I remember heading home as fast as my legs could carry me. Other kids loaded busses or strolled calmly down the sidewalks, but I would book it down the street (avoiding the crossing guard if I could, because she always made me stop for a moment) to my house super fast, just to watch a cartoon.

Recently, I’ve seen some old episodes of Voltron online, and while I’m not sure it withstands the test of time; the quality of Voltron is not my interest here.

My point is that I would fly home to see it. I’d rush through my front door, slide onto the living room floor, and flick on the TV. I was only allowed to watch one show after school – then it was chores and homework – but I did have that one. I’d sit there in anticipation waiting for Optimus Prime’s voice* to tell me about a “super force of space explorers.” It was 1984, I loved that cartoon, and I didn’t want to miss it for the world, so I busted my butt to get home on time to watch it.

Now, let’s fast forward to 2011, when DVRs have permeated nearly every living room; when we watch television on our schedule, not that of the networks.

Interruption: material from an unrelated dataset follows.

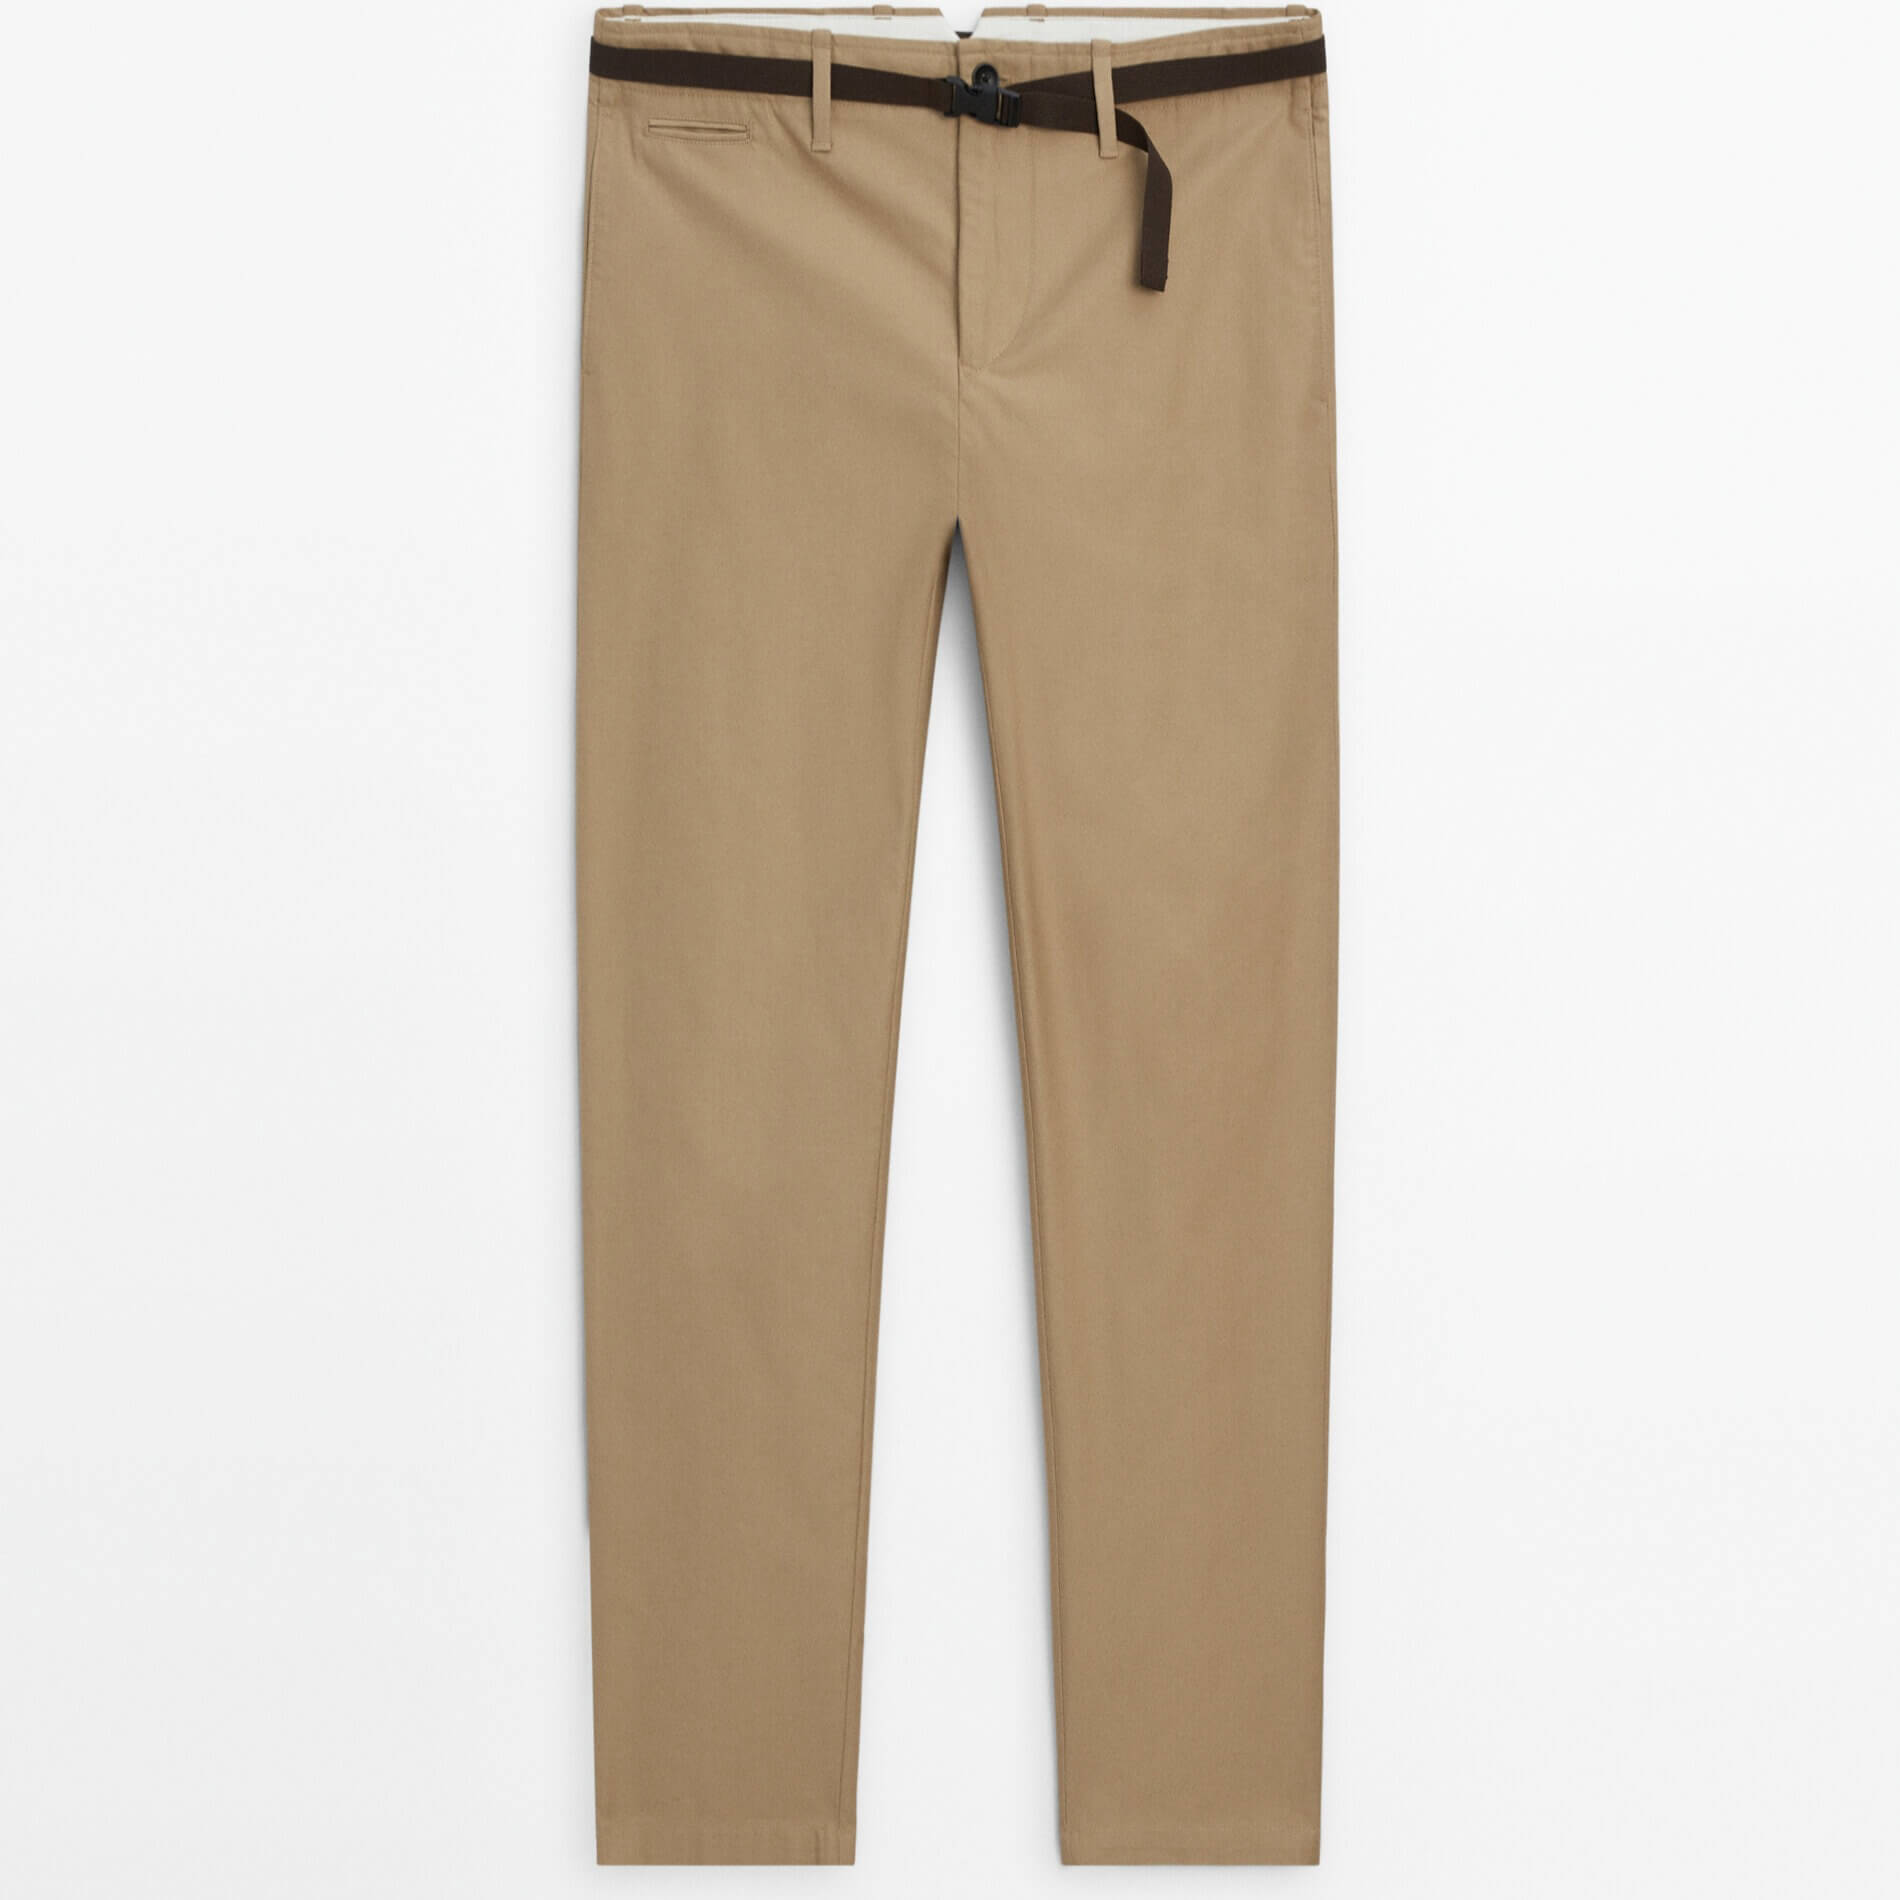 Брюки Massimo Dutti Relaxed Fit Belted Chino, бежевый брюки чинос massimo dutti relaxed fit wool limited edition зелёный

I love this. I love that I went snowboarding on Saturday nights all winter and didn’t miss Being Human once (it airs on Saturdays, not Sundays, here in Canada). DVRs are wonderful inventions for us TV fans. I love being able to be the boss of what I watch and when.


Something is missing from viewing recorded shows. That something is running home from school to watch Voltron and knowing that if I didn’t get home on time, I’d just plain miss my favourite show. That something is the anticipation of sitting in front of the TV and vibrating with excitement because, “Oh my God, a new episode of The X-Files is about to start and I’m right here waiting on it because I can’t miss a second of it!”

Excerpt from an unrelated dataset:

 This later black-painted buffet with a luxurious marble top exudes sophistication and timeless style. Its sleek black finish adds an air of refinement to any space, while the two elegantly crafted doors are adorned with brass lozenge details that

I miss that. That was fun.

And that doesn’t happen with recorded TV. If you miss something these days, you just catch it later. That’s great, but let’s face it: a DVR is a safety net, and like all safety nets, it removes a risk from our lives, which inherently makes things a bit less exciting. In my childhood Voltron example, it also means that I would not have had to make a choice. Back then, I had to choose between chatting with my friends or seeing my favourite show. Now, I could just do both. I could have my cake and eat it too. That’s great, but it also means there is no consequence to my actions. This doesn’t seem like the best thing to me.

Now, I’m not waxing all poetical about days gone by. I love my tech. I really do. I like that I can watch two shows that air at the same time by recording one, if not both, for later. I’m just aware that that hasn’t come without a price. Convenience has cost us some excitement, and it’s quite possibly teaching us some not-so-wonderful traits. Whether that’s a fair trade or not, I can’t say. I’m honestly unsure. As much as I love skipping commercials, I often prefer to watch my television “live,” because I frankly find it more fun that way. When you add in the fact that having a full DVR feels like a chores checklist of shows to watch (work, not fun), “live” viewing becomes even more appealing, and I’m curious if any other readers out there feel the same way.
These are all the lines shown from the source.